ABTL
By Dean Tomasula
Each week, The Internet Analyst will look at analyst's picks for public Internet companies that may not be brand names, but are intriguing and deserve a closer look.
The image of the used car salesman as a fast-talking, disingenuous huckster is fast becoming a quaint perception thanks to the Internet and companies such as AUTOBYTEL.COM (ABTL) and AUTOWEB (AWEB), which use the Net to bring auto buyers and sellers together. James Preissler, an Internet analyst at PaineWebber, thinks these companies have "the potential to change the auto buying landscape." In fact, they already have, he added.

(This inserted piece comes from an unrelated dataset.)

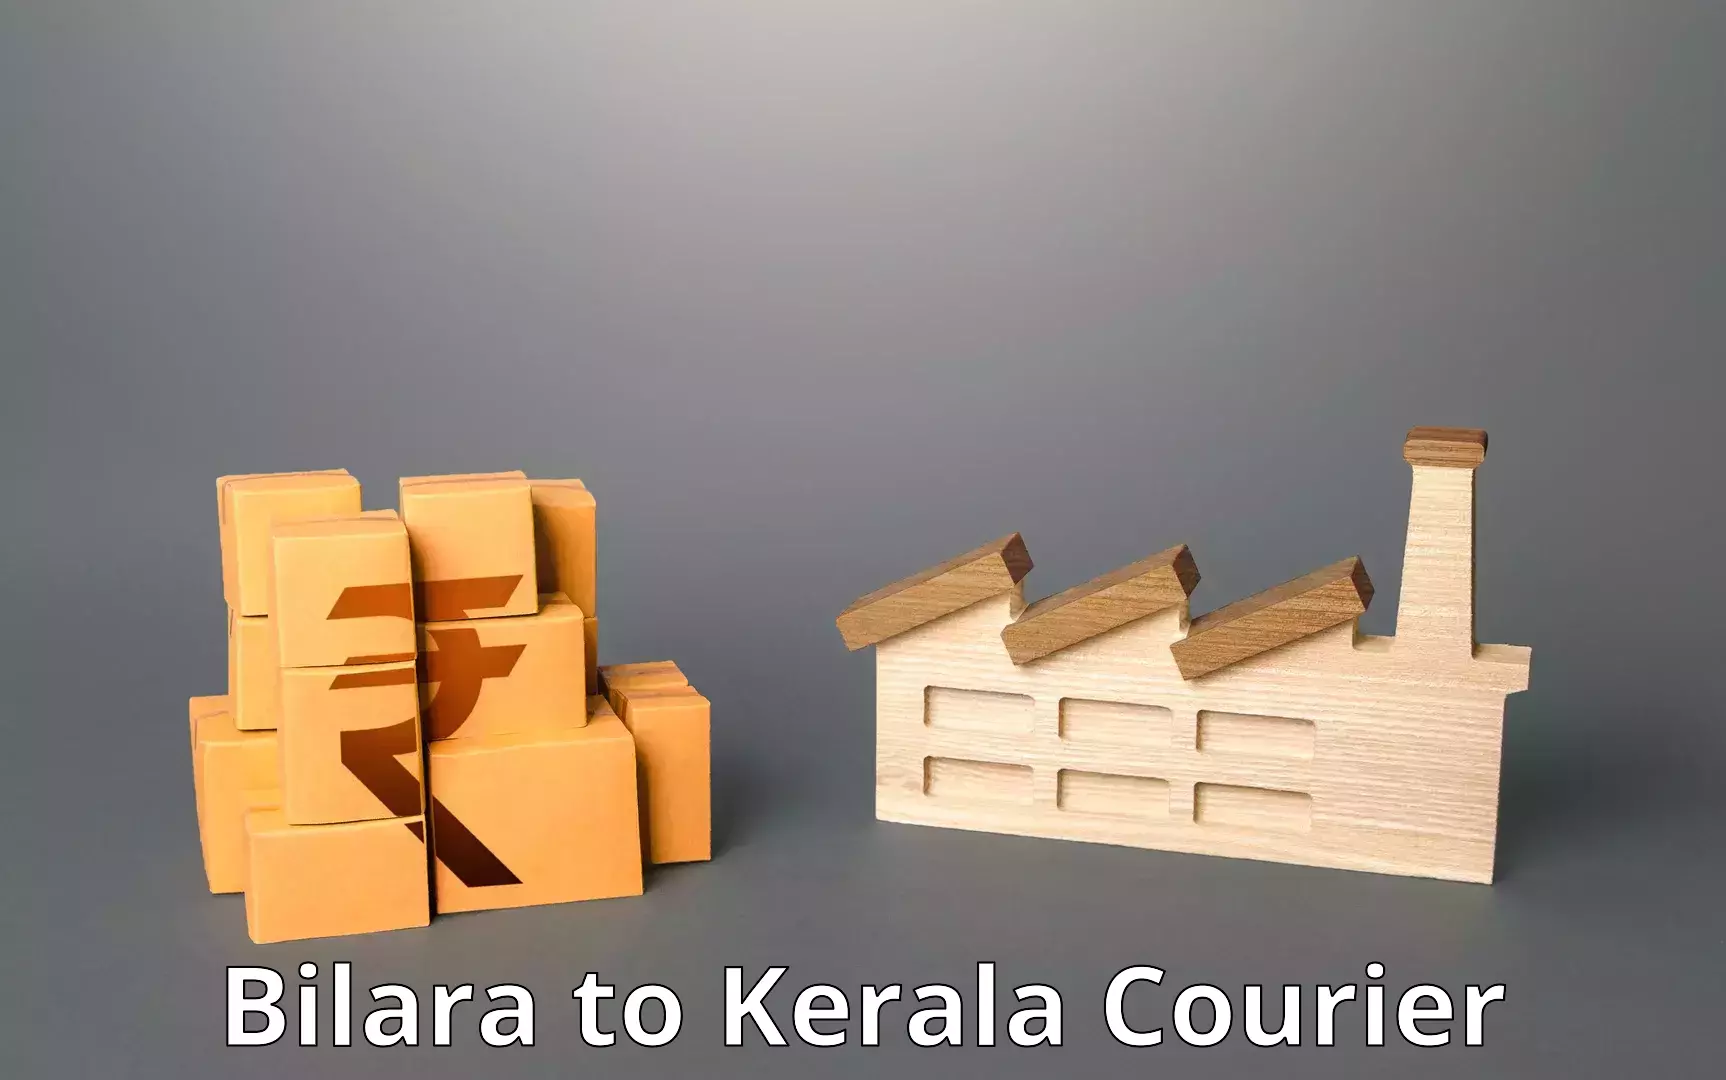 User-friendly courier app Bilara to Kerala

Mr. Preissler follows AUTOBYTEL.COM and has assigned it a BUY, PaineWebber's highest rating, with a price target of $65. For 1999, he revised his earnings estimates and now expects the company to post a loss of $1.79 per share, down from his previous estimate of a loss of $1.89 per share. For 3Q99, AUTOBYTEL.COM is expected to post a loss of $0.41 per share. That is forecast to improve to a loss of $0.38 per share in 4Q99. On May 4, AUTOBYTEL.COM's shares closed at $27.50. The company has a market cap of $471.03 million.
"One of these companies will emerge as the [market] leader," said Mr. Preissler. "There is a big opportunity here."
Mr. Preissler also said there is potential opportunity in the security sector, particularly beyond 2000. Once companies wind down from the trauma of dealing with the Y2K problem, he noted, they will realize there still are network security concerns to be dealt with — most notably as it relates to their e-commerce efforts.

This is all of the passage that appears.